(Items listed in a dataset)
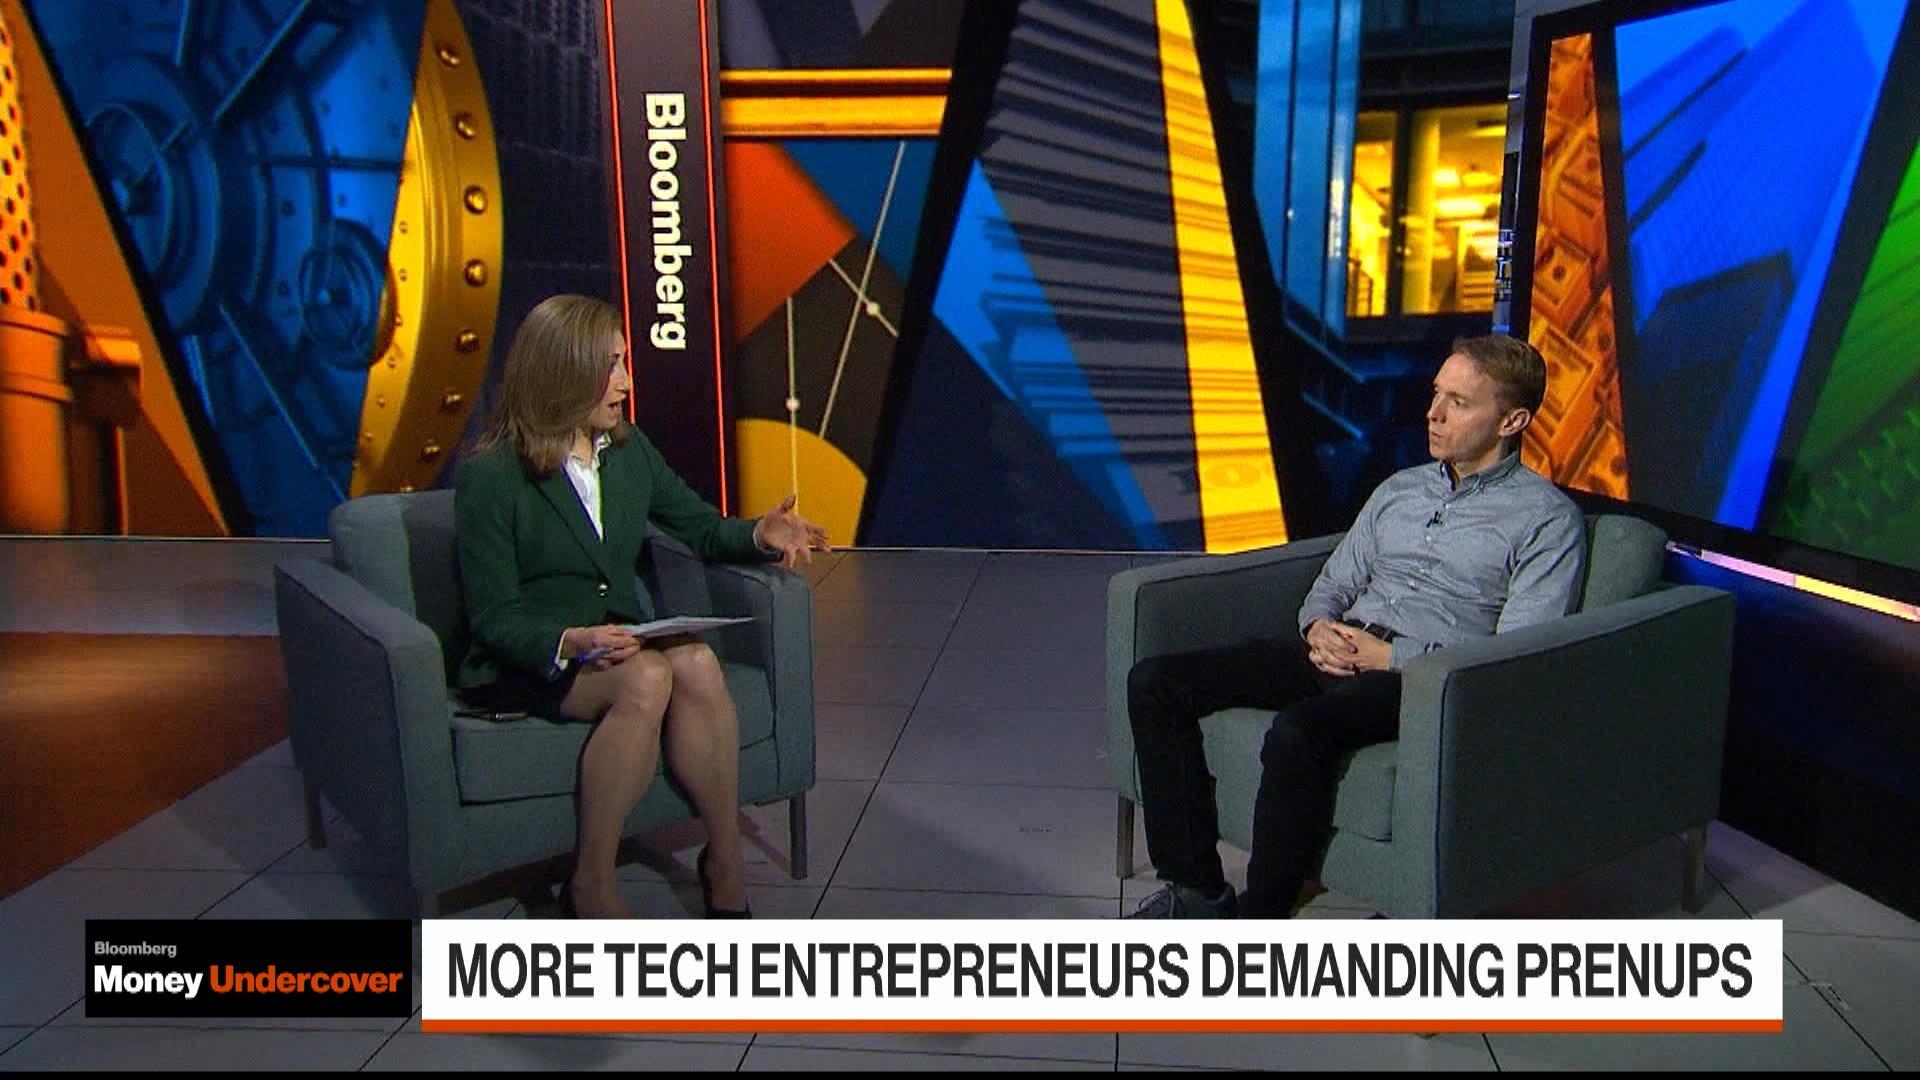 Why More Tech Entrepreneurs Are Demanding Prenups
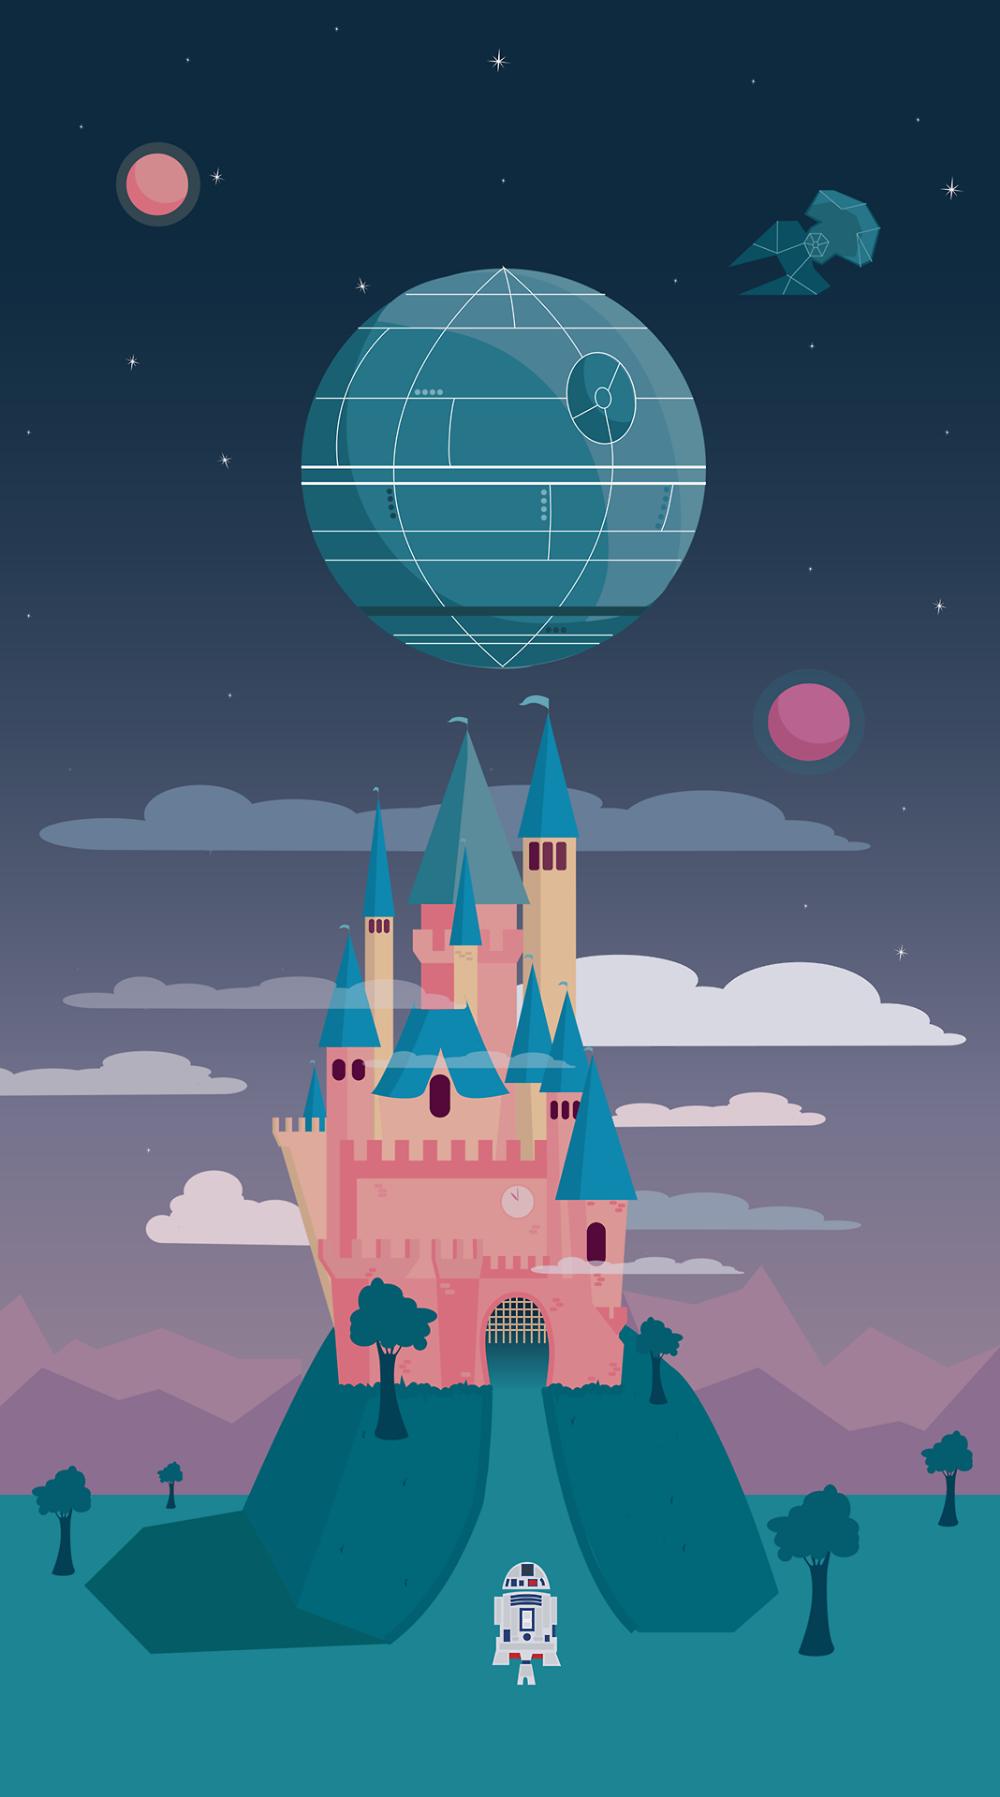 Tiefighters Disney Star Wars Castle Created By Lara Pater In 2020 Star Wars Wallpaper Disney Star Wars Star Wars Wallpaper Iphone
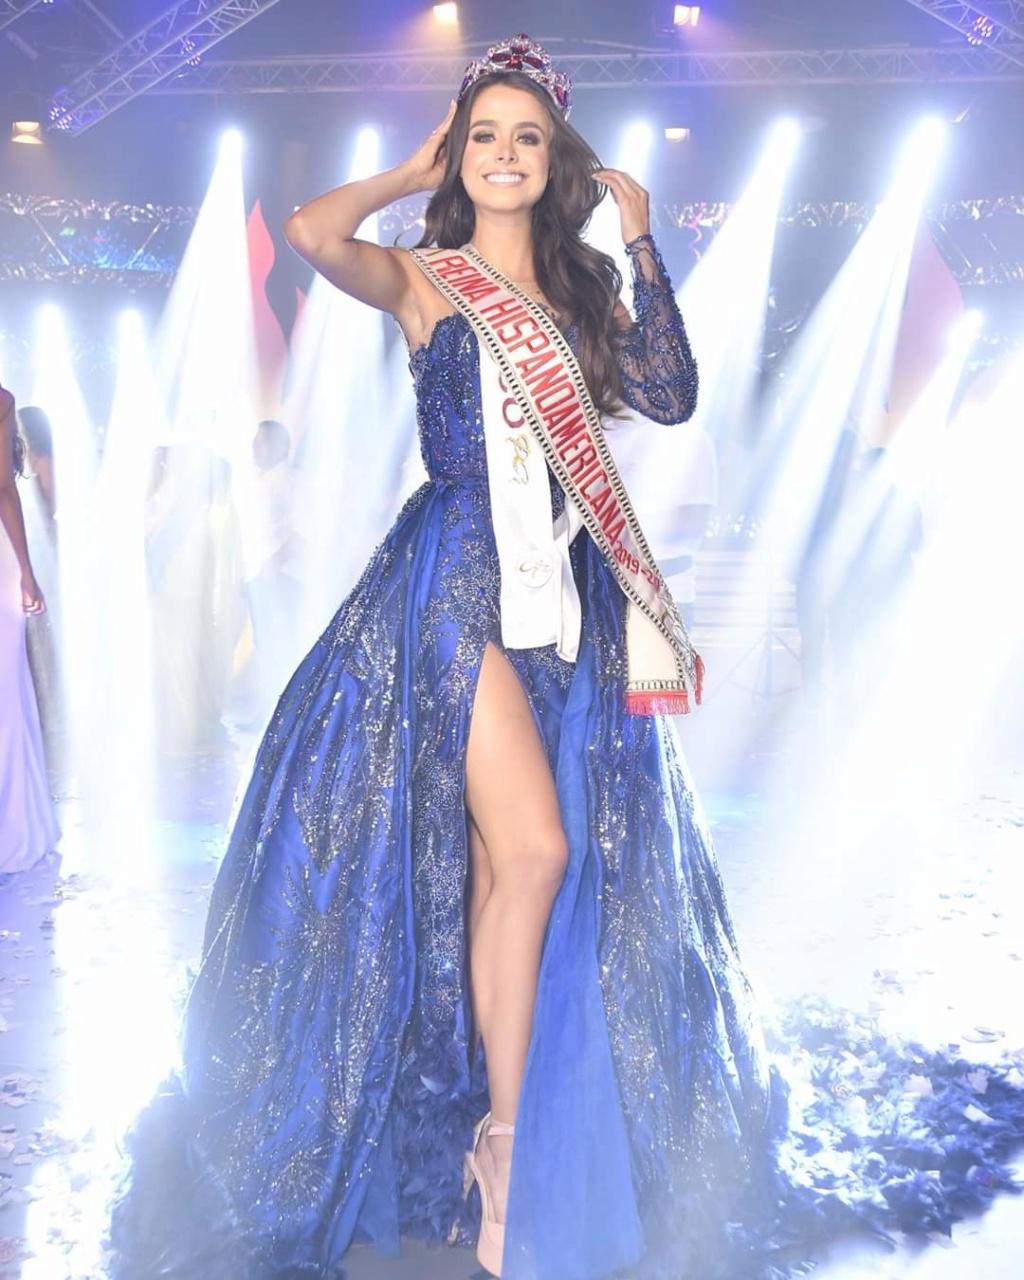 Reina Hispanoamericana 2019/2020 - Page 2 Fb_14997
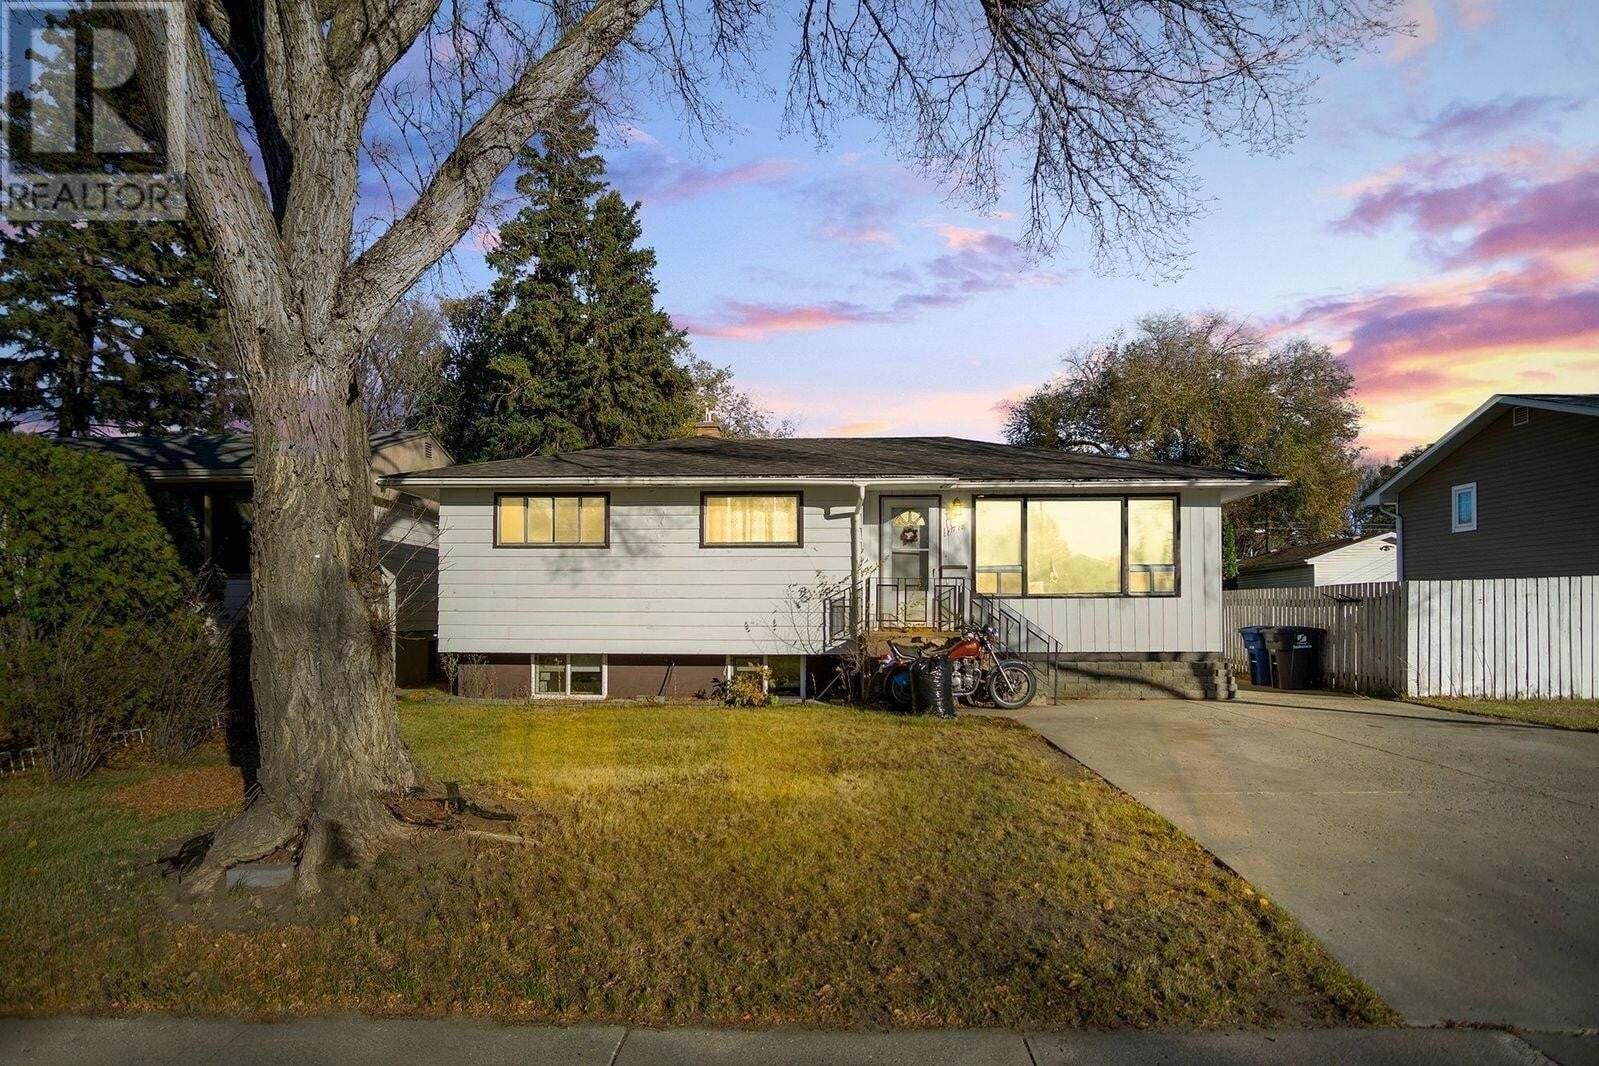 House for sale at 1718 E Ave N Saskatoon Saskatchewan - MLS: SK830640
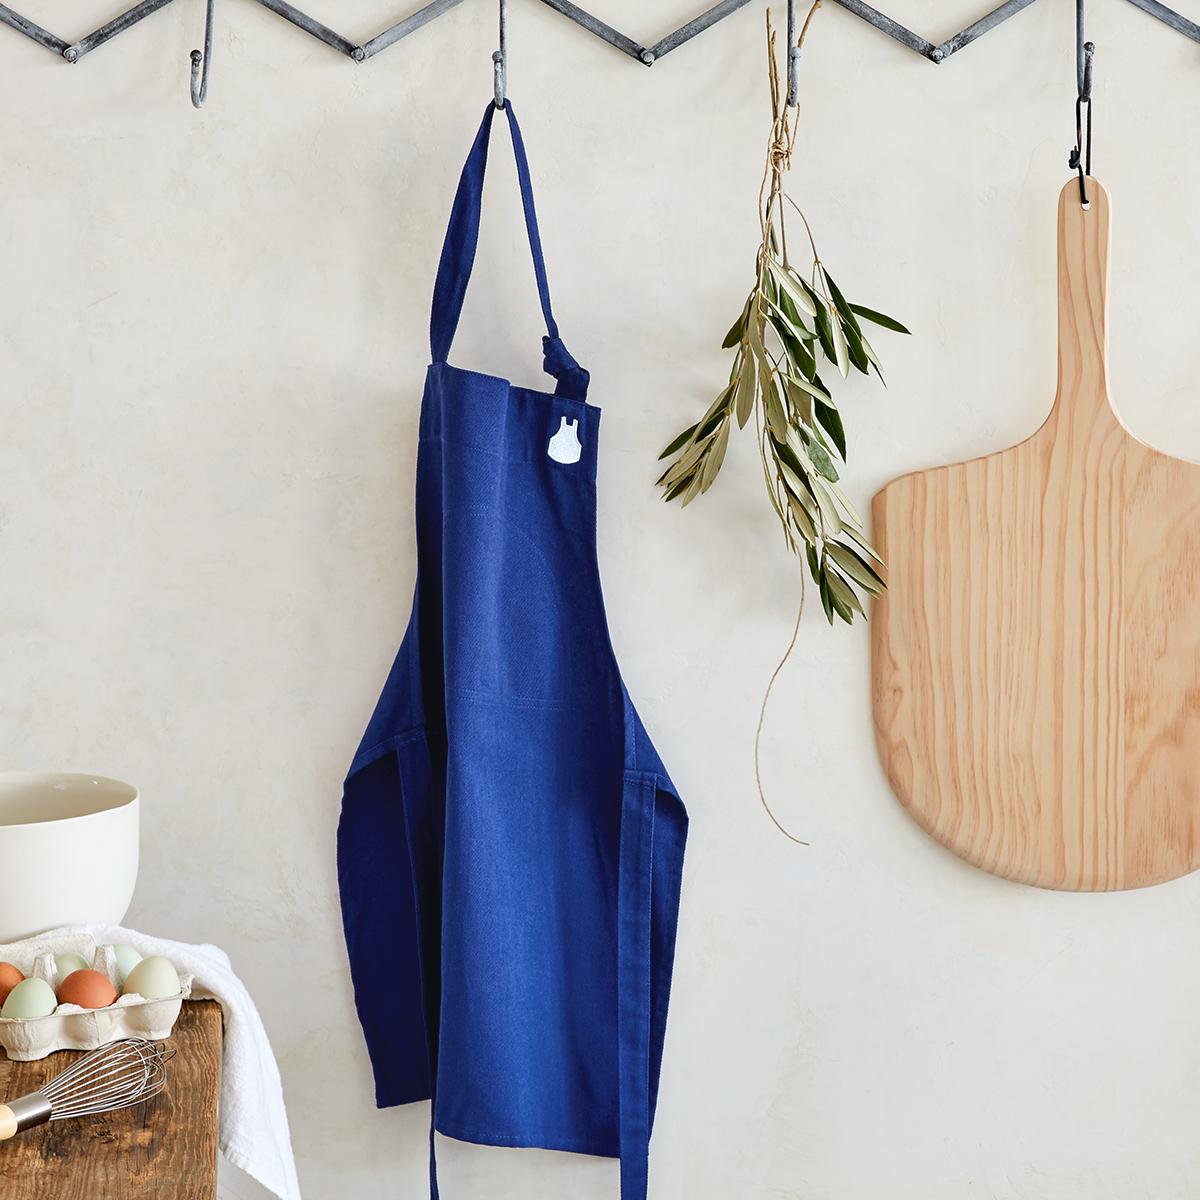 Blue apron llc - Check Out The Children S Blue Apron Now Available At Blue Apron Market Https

| Problem |
Each line from the one with "Reina Hispanoamericana 2019/2020" to the final line of the data above is to be printed exactly; no picture should appear in the copy.

| Solved exercise |
 Reina Hispanoamericana 2019/2020 - Page 2 Fb_14997
 House for sale at 1718 E Ave N Saskatoon Saskatchewan - MLS: SK830640
 Blue apron llc - Check Out The Children S Blue Apron Now Available At Blue Apron Market Https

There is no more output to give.